By: James Bloom - Updated: 7 Dec 2018 | comments*Discuss
 
Marriage Relationship Divorce Breaking

If your partner is an alcoholic or drug abuser there are many ways in which you can take action to help them. You may find it difficult getting them to quit without the involvement of a specialist self-help organisation. If you or your children are experiencing abuse or violence then you should take immediate action to protect yourselves (read our article Escaping Abusive Relationships for more information).

Managing Your Behaviour

If your partner is having problems with drink or drugs it is only natural that you should want to help them. Their behaviour has an emotional effect on you and your family. Therefore it is easy to find yourself being dragged into the problems they are creating. But their abuse is their problem alone. The better you can behave with this idea in mind the better able they will be to take responsibility for their actions.

The basic rule is to try to stay detached.
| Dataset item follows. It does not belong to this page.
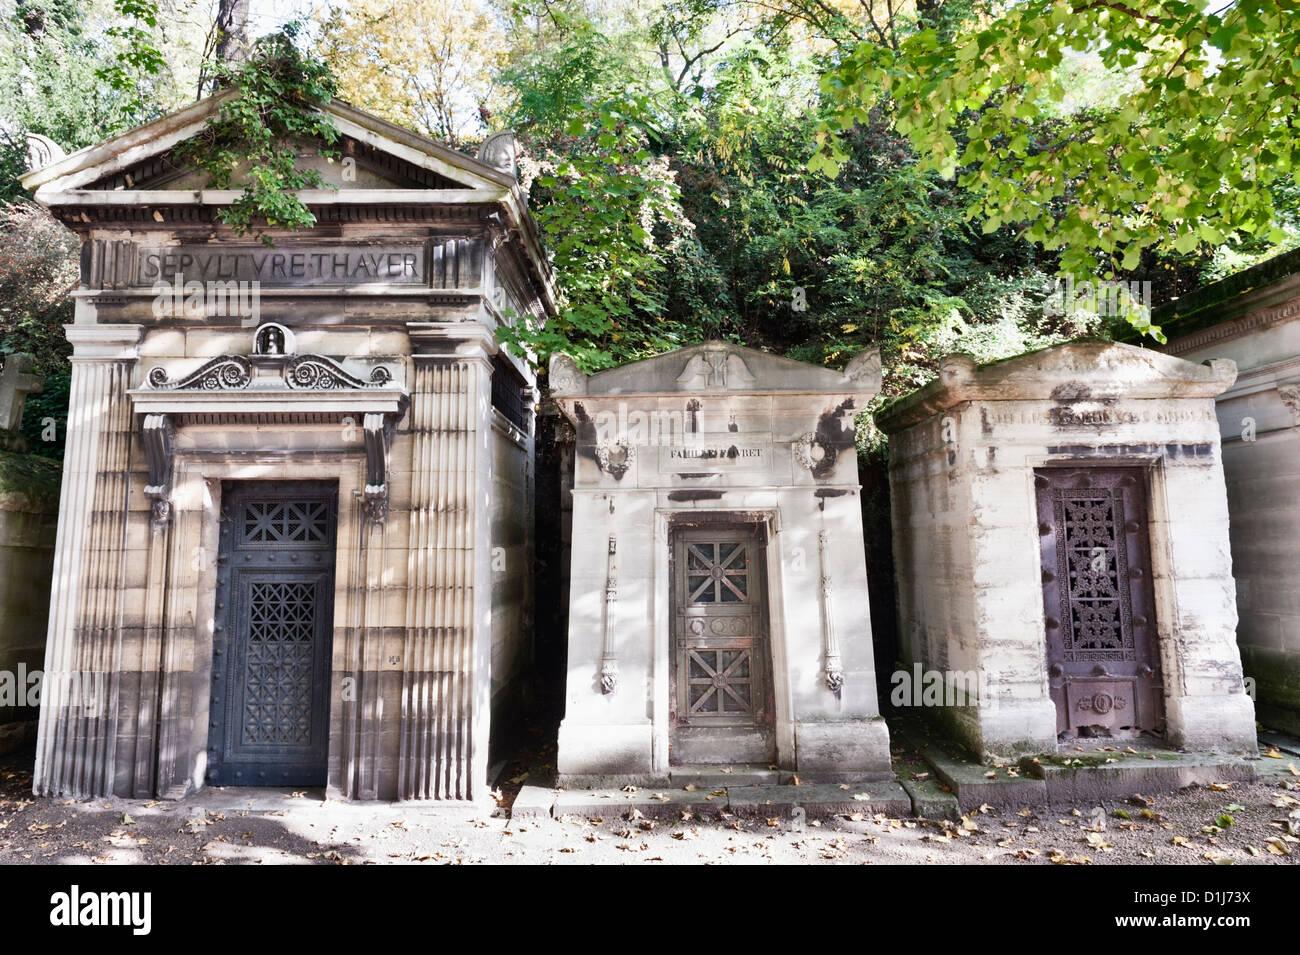 Père Lachaise Cemetery (Cimetière du Père-Lachaise) in autumn - mausoleums (family tombs) - Stock Image
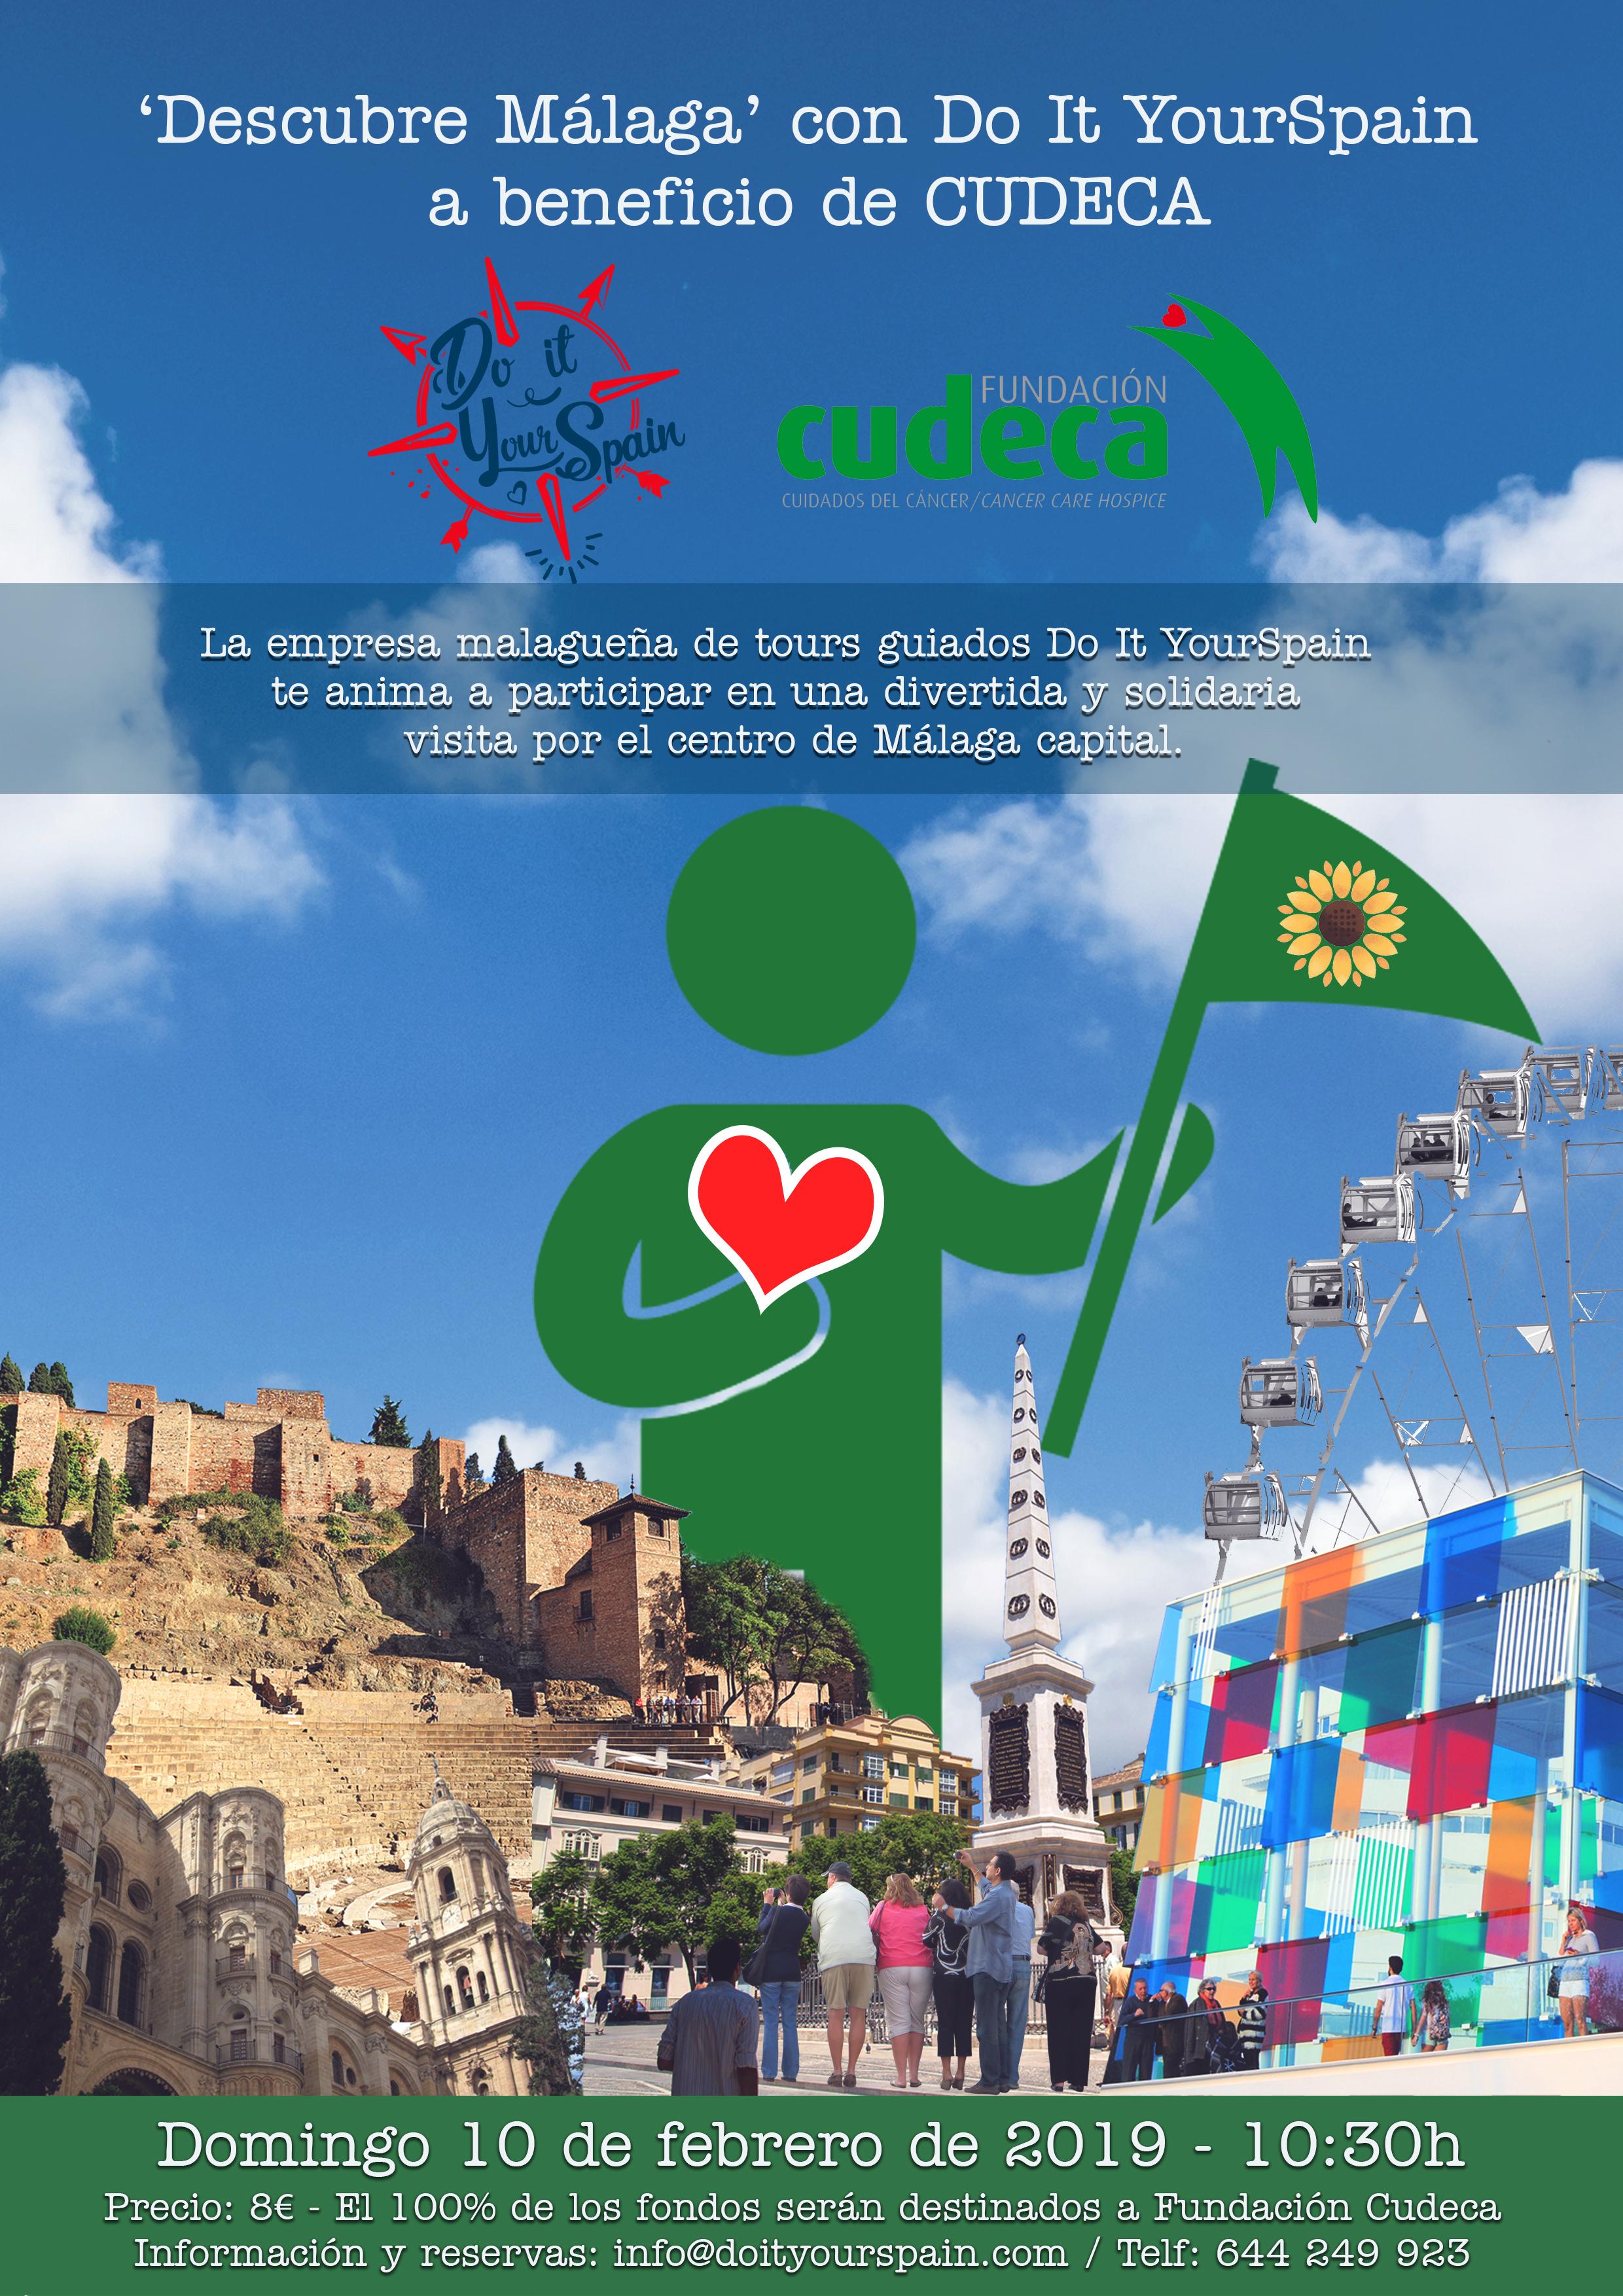 Descubre Málaga con Cudeca & Do it yourspain

Of course this can be difficult and you may find yourself playing a role towards your partner. This in turn could help fuel their pattern of abuse. The typical roles partners find themselves playing unwittingly as a response to substance addiction fall into a few basic categories:

  • The Rescuer – If he falls asleep on the lawn she will tidy him up and carry him into bed. She will lie to neighbours to avoid embarrassment. Anything to stop things becoming ‘a problem’.
  • The Provoker – She will wait for him to come home and give him hell. She will scold, belittle and nag him, tell her friends what a loser he is and threaten to leave. She never lets it go.
  • The Martyr – She is ashamed of him and lets him see that she is. She sulks, pouts and cries to her friends (if she's not too embarrassed). She will become increasingly depressed and withdrawn as the abuse continues.
Spotting your own behaviour is an important step in making the necessary changes for yourself and the relationship. Give yourself a pat on the back for doing so and get on with the painful process of spotting it when you are actually doing it. You may find it easy to detach, or you might find it very hard to do. At the end of the day it will be of benefit to yourself and your family, no matter how immediately painful it might seem.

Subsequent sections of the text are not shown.